HifiGAN is a neural vocoder based on a generative adversarial network framework, During training, the model uses a powerful discriminator consisting of small sub-discriminators, each one focusing on specific periodic parts of a raw waveform. The generator is very fast and has a small footprint, while producing high quality speech.

Training

Dataset

This model is trained on a mix of public and proprietary data sampled at 22050Hz, and can be used to generate a Spanish (EU) voice. This model supports 1 male voice.

How to use this model

HifiGAN is intended to be used as the second part of a two stage speech synthesis pipeline.

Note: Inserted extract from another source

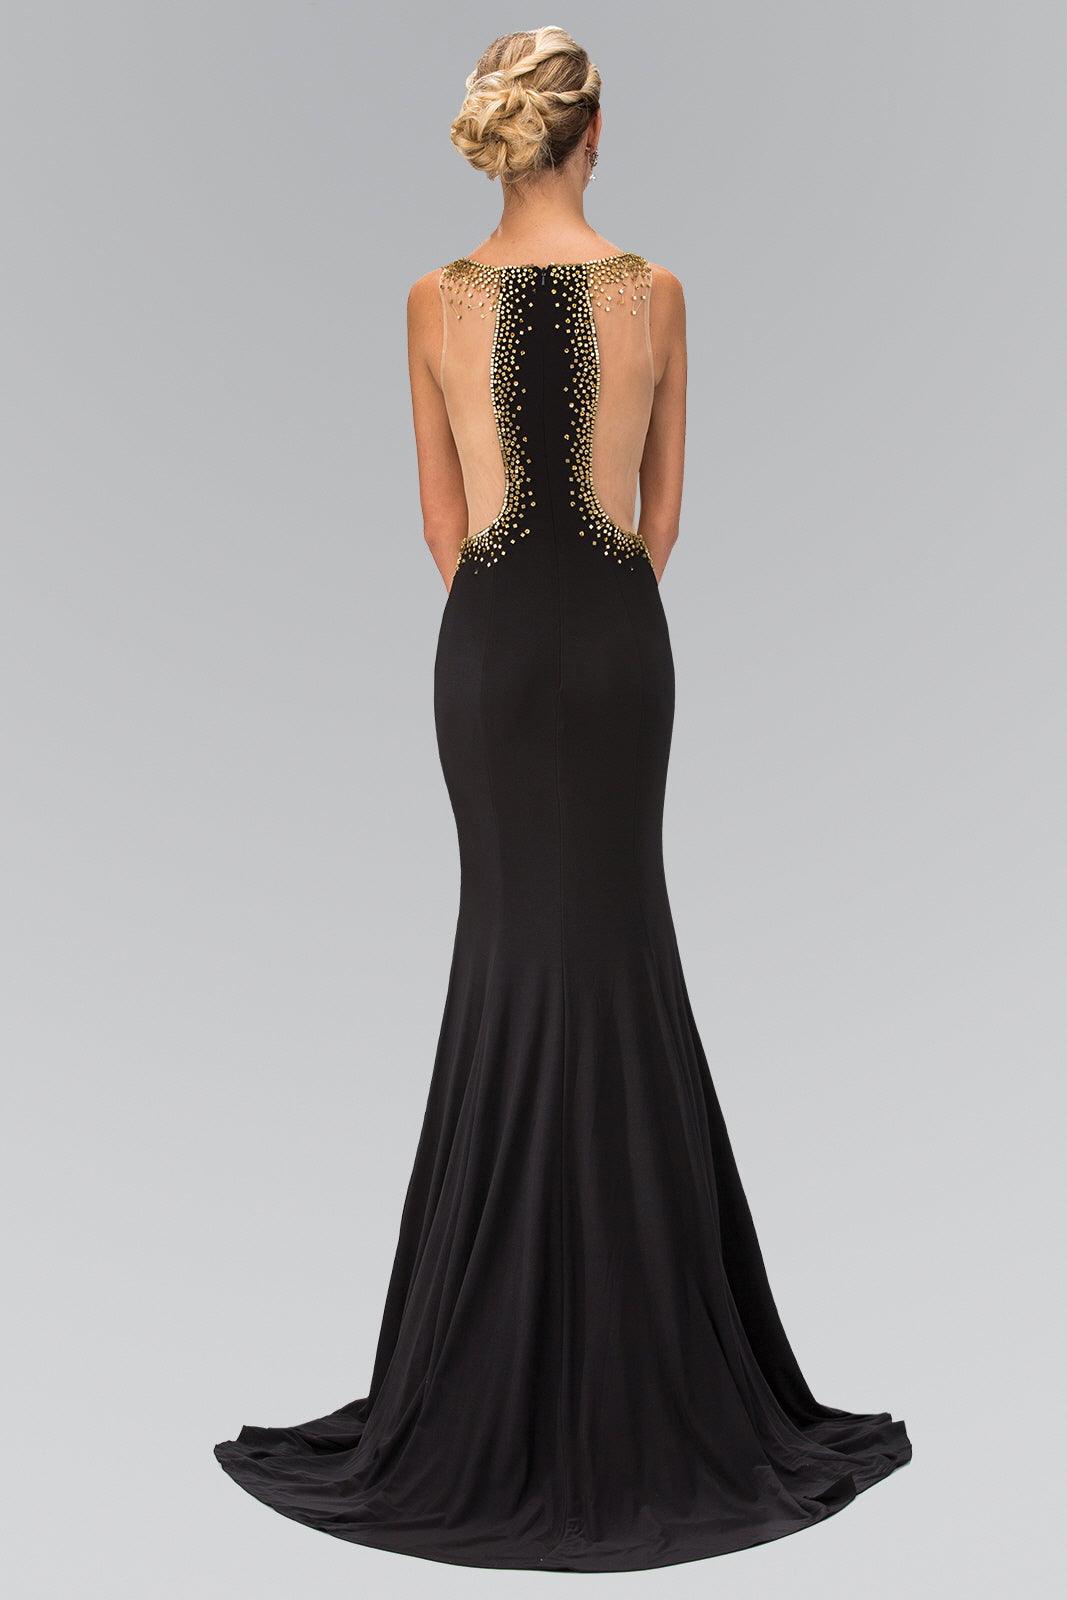 Long Prom Dress Side Slit and Sheer Waist - The Dress Outlet Elizabeth K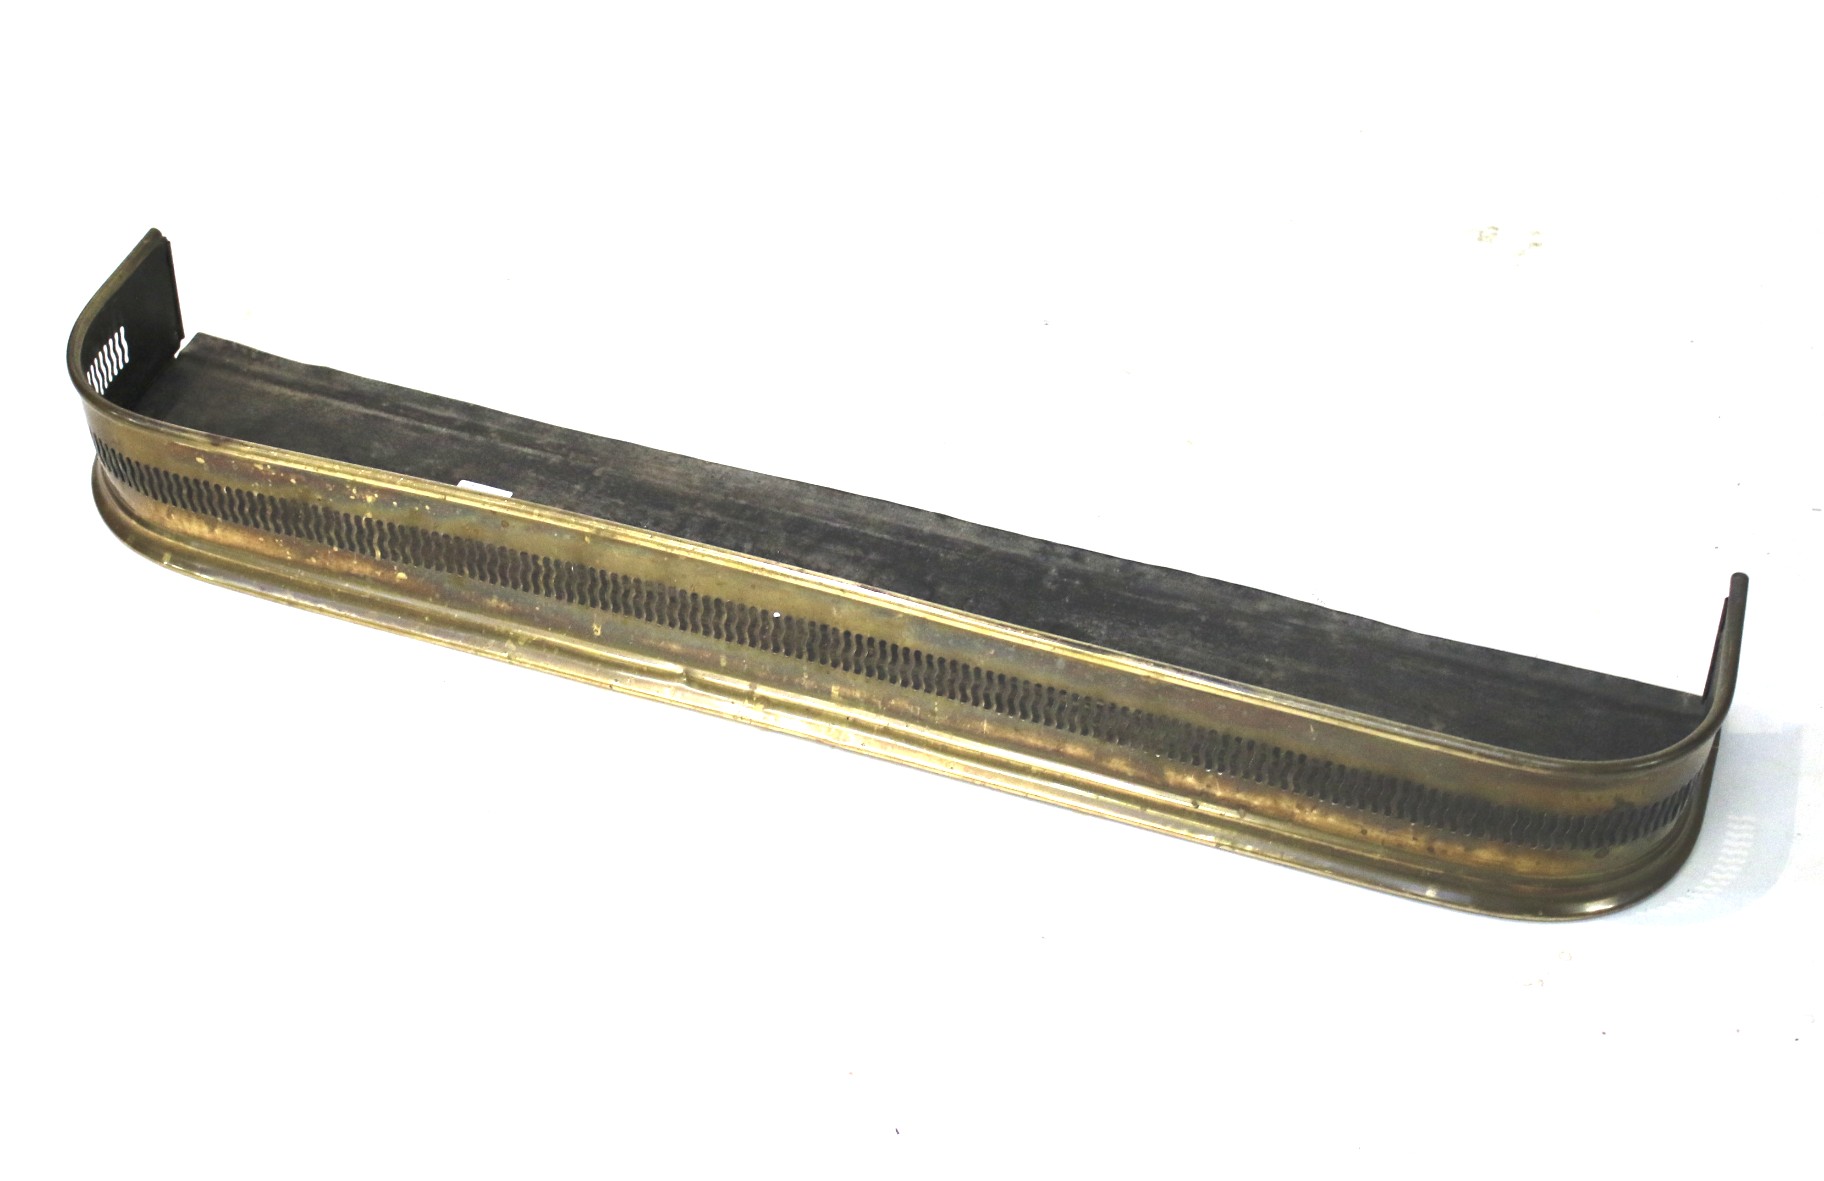 A 20th century brass fender.

HifiGAN takes a mel spectrogram and returns audio.

Input: Mel spectrogram of shape (batch x mel_channels x time)

Output: Audio of shape (batch x time)

Limitations

N/A

References

HifiGAN paper: https://arxiv.org/abs/2010.05646

License

By downloading and using the models and resources packaged with TLT Conversational AI, you would be accepting the terms of the Riva license.

Ethical AI

NVIDIA’s platforms and application frameworks enable developers to build a wide array of AI applications. Consider potential algorithmic bias when choosing or creating the models being deployed. Work with the model’s developer to ensure that it meets the requirements for the relevant industry and use case; that the necessary instruction and documentation are provided to understand error rates, confidence intervals, and results; and that the model is being used under the conditions and in the manner intended.